The advances in generative design through the input of specific prompts allow architects to produce visual designs, including photorealistic images, and thus render and explore various material choices and spatial configurations. ArchDaily noted this could speed the creative process as well as allow for experimentation and sophistication in the design. Additionally, AI's capacity for pattern recognition and coding could aid architects in organizing design resources and developing custom applications, thus enhancing the efficiency and collaboration between both architects and AI.

AI is thought to also be able to contribute to the sustainability of buildings by analyzing various factors and following recommended energy-efficient modifications, thus pushing the industry towards greener practices. The use of AI in building maintenance, project management, and the creation of immersive virtual reality experiences are also thought of as potentially augmenting the architectural design process and workflow.

Examples include the use of text-to-image systems such as Midjourney to create detailed architectural images, and the use of AI optimization systems from companies such as Finch3D and Autodesk to automatically generate floor plans from simple programmatic inputs.
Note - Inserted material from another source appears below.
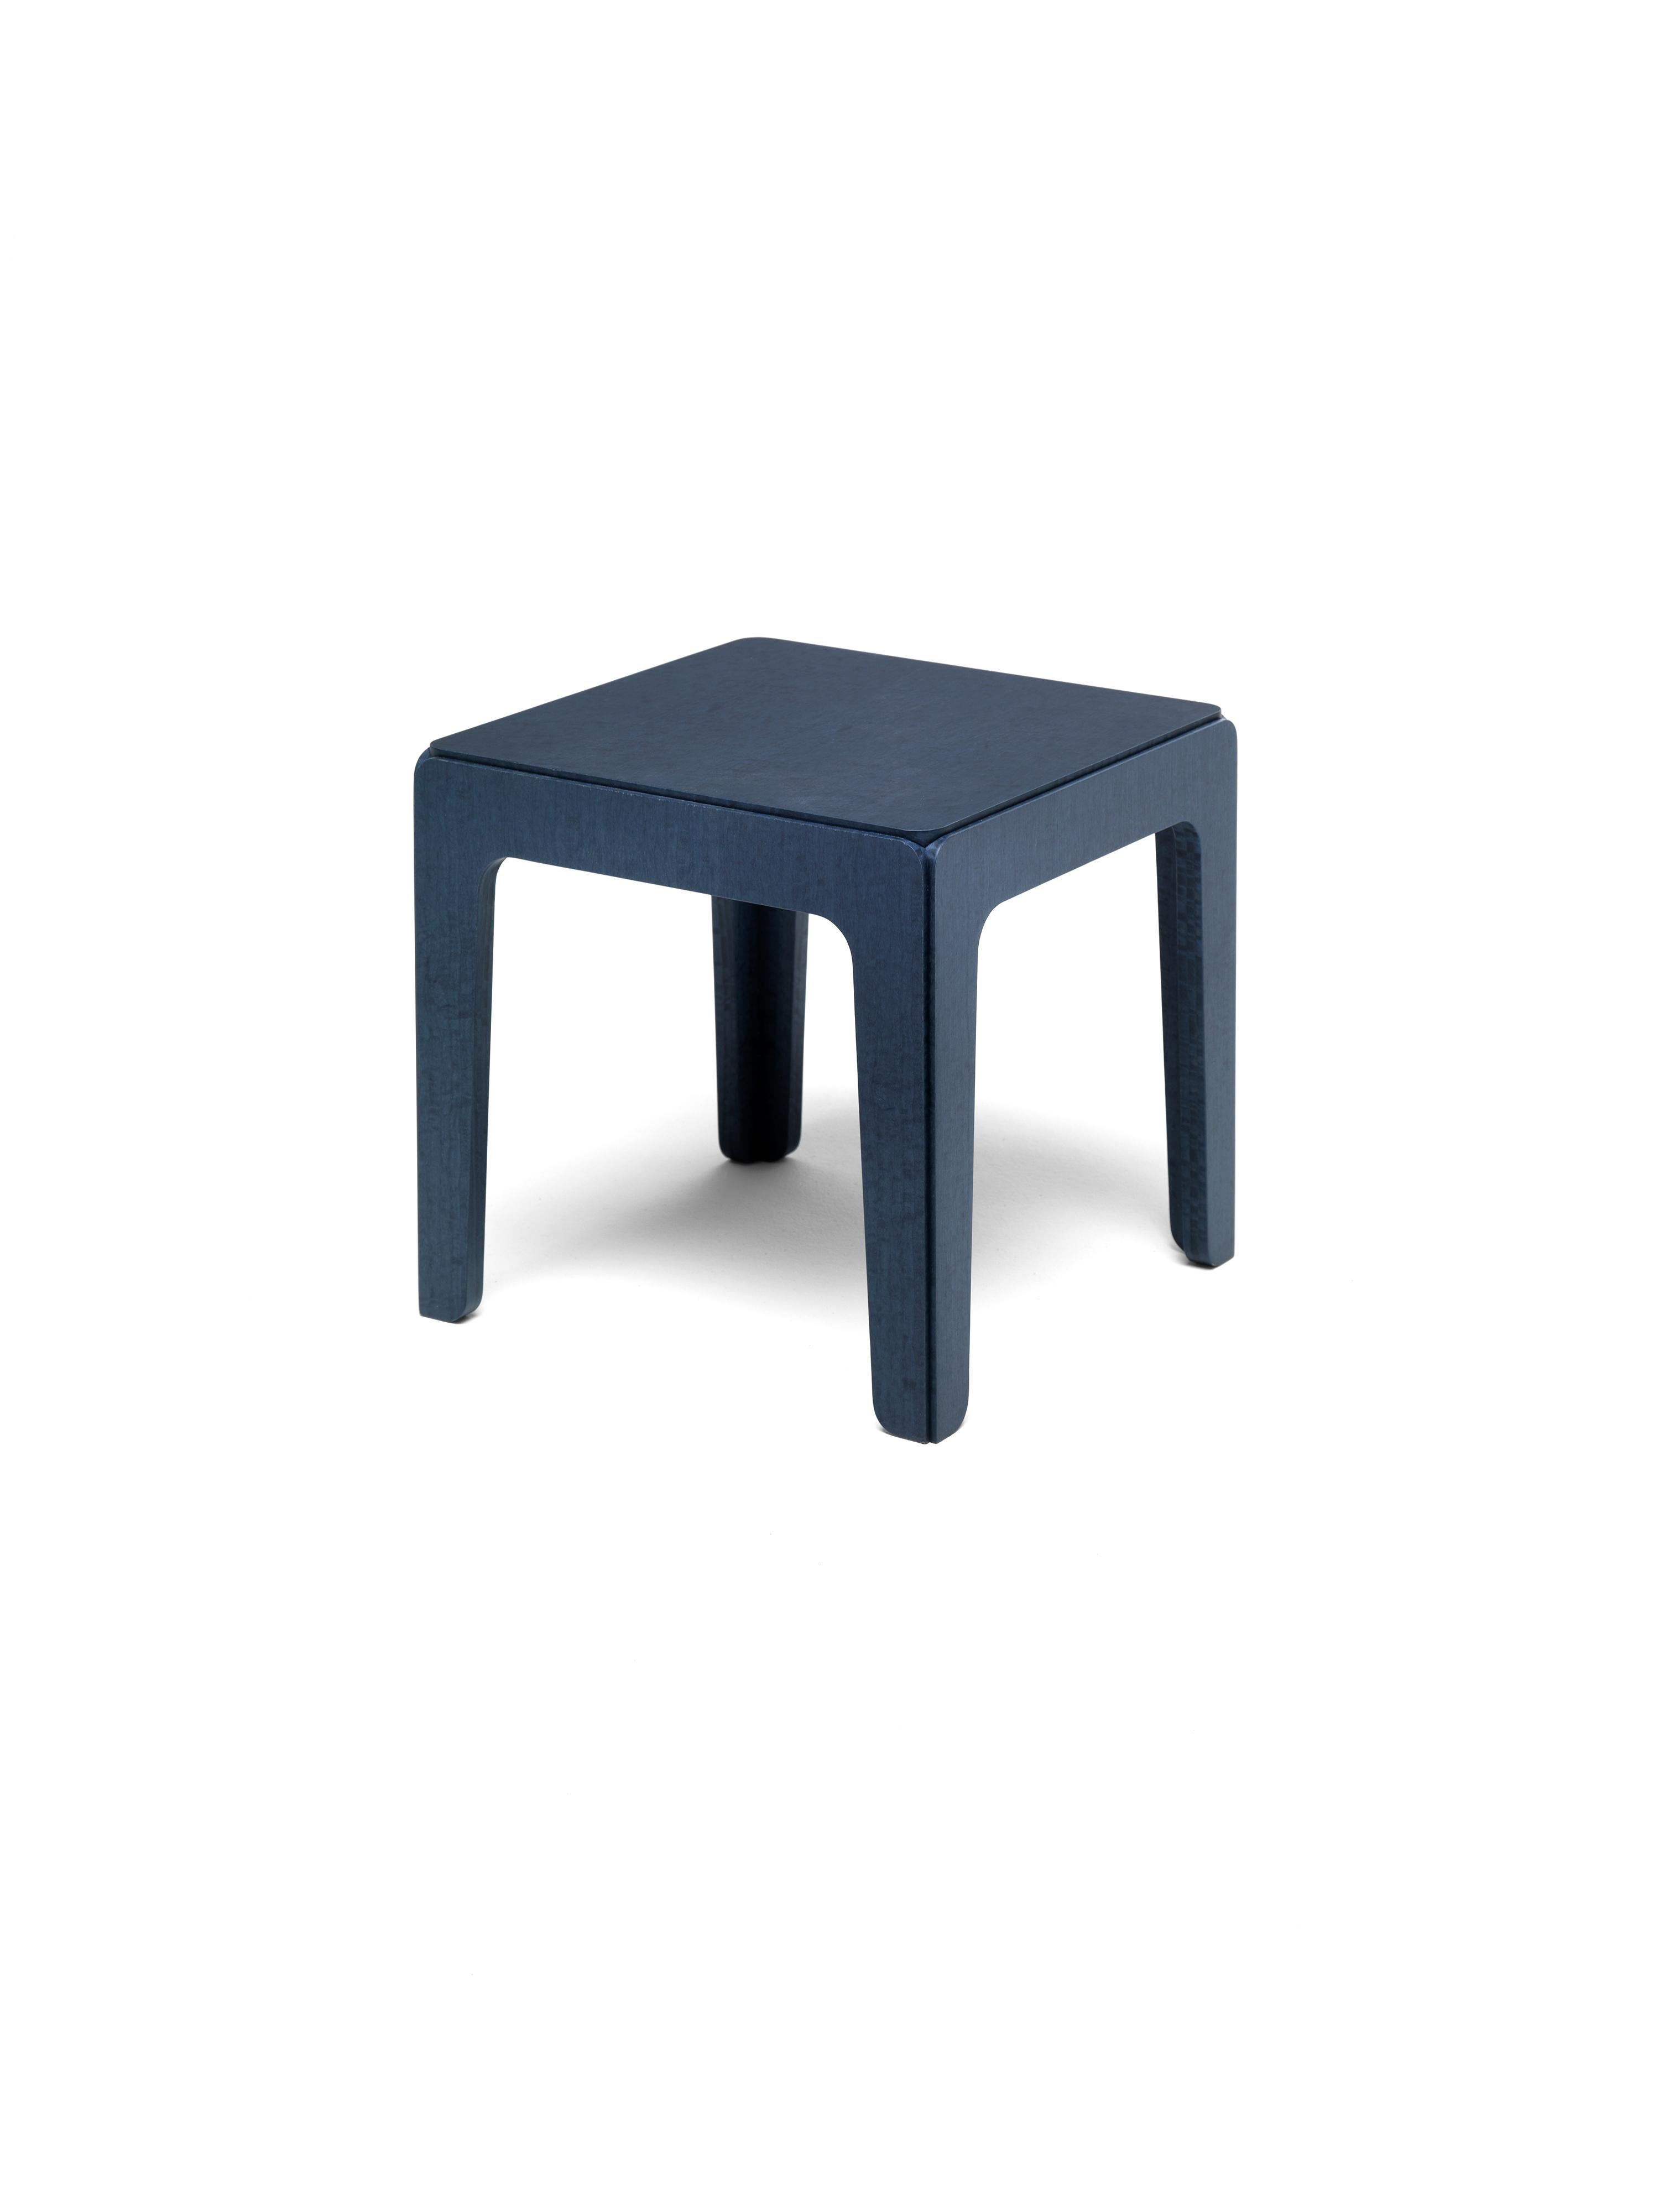 Contemporary 21st Century Modern Wooden Side Tables Veneered In Blue Eucalyptus For Sale

In contrast to digital-only creative practices, the high materiality of architectural outputs requires transitions from ephemeral digital files to permanent physical structures that are subject to strict safety regulations, material constraints, sensory intuition, and site-specific cultural contexts, making full automation difficult.

Early adopters such as architect Stephen Coorlas have actively challenged the boundaries of architectural practice through AI. His early experimental initiative, Speculations on AI and Architecture, confronts the discipline's traditional workflows by training text-to-image AI tools such as Midjourney, Luma AI, and PromeAI to generate more nuanced architectural illustrations including construction documents, architectural details, and assembly sequences for various structures. Coorlas inputs precise terminology and architectural language to provoke the AI into producing axonometric drawings that resemble conventional documentation, then experiments with animating the outputs using AI generated depth maps and other AI image-to-3D wireframe tools. Stephen's inventive process invites architects and designers to reconsider authorship, automation, and the future of visual communication in the built environment. Rather than treating AI as a peripheral tool, Stephen has advocated for AI to be a speculative collaborator capable of engaging with discipline-specific challenges. His work contributes to the growing discourse on generative design, parametric optimization, and the philosophical implications of machine-assisted creativity raising urgent questions about how such technologies will reshape architectural agency, precision, and pedagogy.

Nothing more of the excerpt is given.